Any instrument training program should allow sufficient calendar time for the student to assimilate the material involved in preparing for the instrument rating. ... Emphasis should be placed on acquiring the education rather than acquiring the rating. ... It is possible to obtain an instrument rating without acquiring an instrument education. A student who acquires the education need have no fear of failing to obtain the rating, however.

 These sentiments are shared by many reputable aviation schools offering instrument training, whatever their differences in other respects. You can memorize a prodigious amount of information in a short time, but you will store away very little of it for future use unless you allow time enough to understand it, relate it to what you already know, and apply it with sufficient repetition.
 As your flying experience progresses, you will learn increasingly through your own initiative, with or without the benefit of normal training. It is essential, however, that you lay the right foundation. You can do this by attending an instrument training school selected after careful investigation of its curriculum and reputation, or by joining a flying club which has invested in the necessary equipment and utilizes a competent instructor.

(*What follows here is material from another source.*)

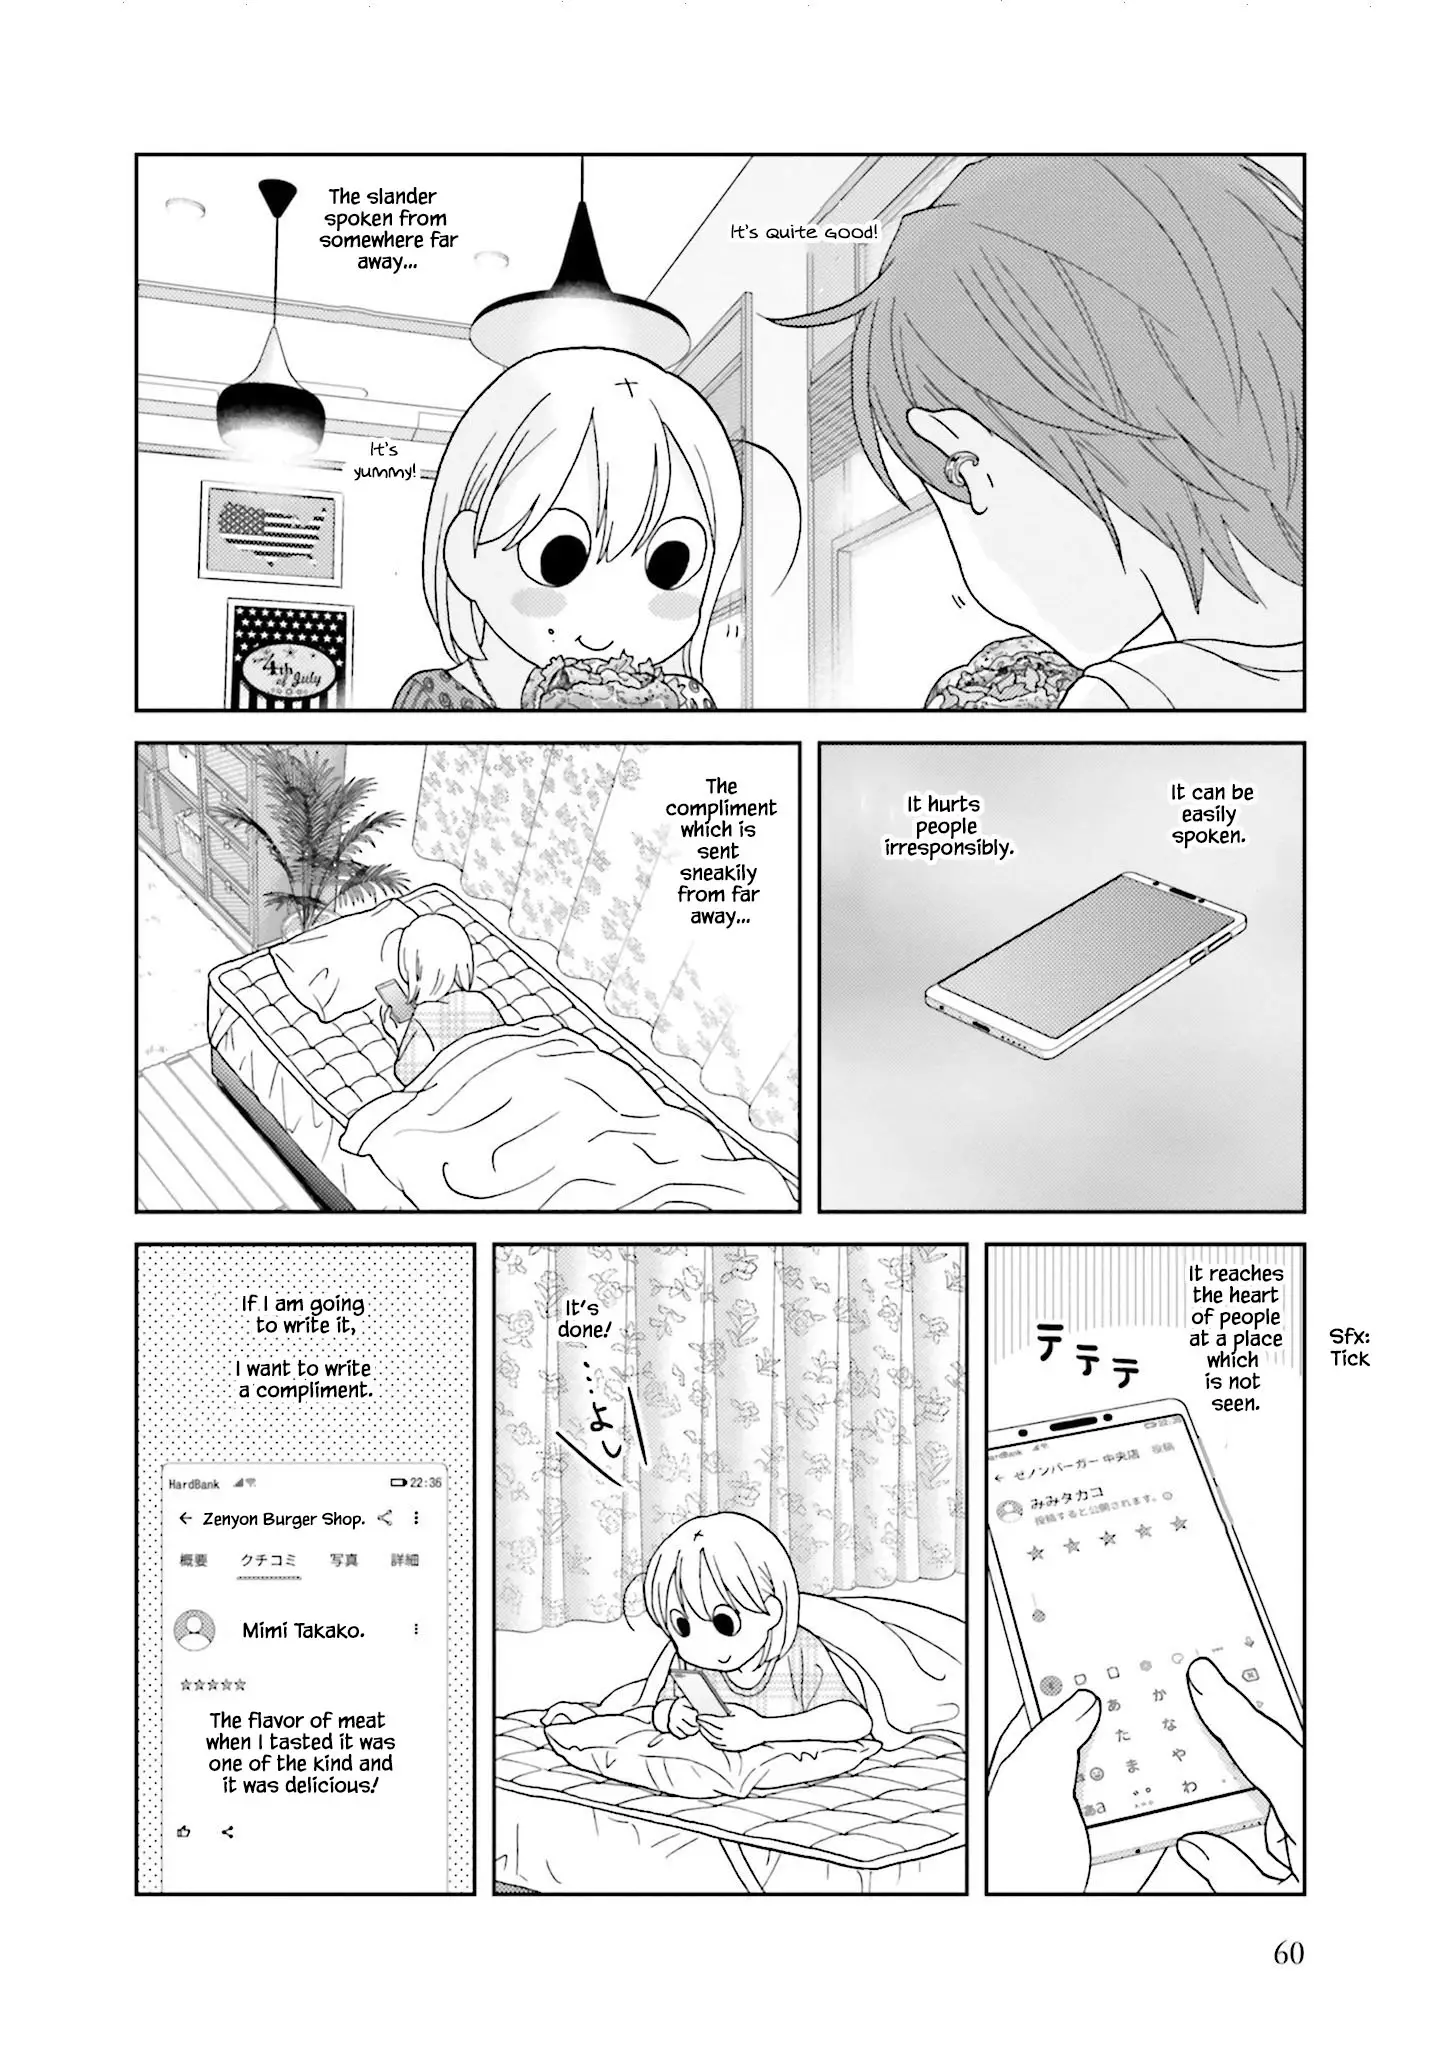 Takako-San - 69 page 8-686ccd21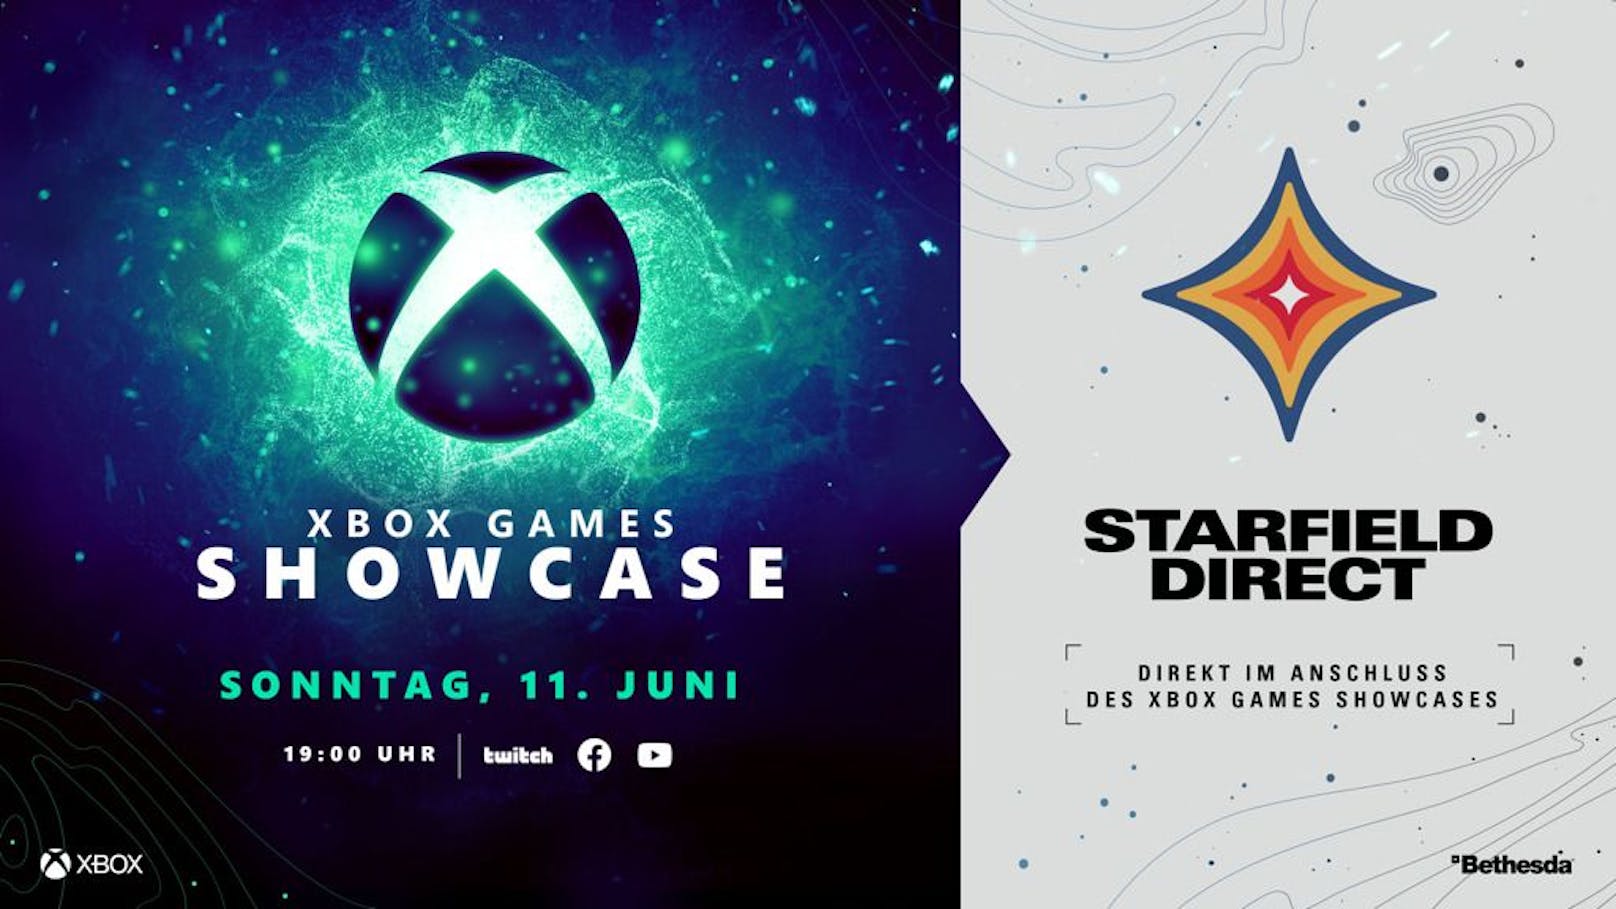 Xbox Games Showcase und Starfield Direct Double Feature am 11. Juni.

 You can accelerate and enrich much of your training by informal study. An increasing number of visual aids and programmed instrument courses are available to the applicant who cannot attend a formal instrument training course. The best course is obviously one that includes a well-integrated flight and ground school curriculum. The importance of close coordination between these two aspects of your education should be apparent from your previous flight experience. The sequential nature of flying requires that each element of knowledge and skill be learned and applied in the right manner at the right time. You can learn volumes of isolated information about flight procedures, basic instrument maneuvers, radio navigation, communications, and Federal Aviation Regulations, yet still have difficulty keeping an airplane right side up.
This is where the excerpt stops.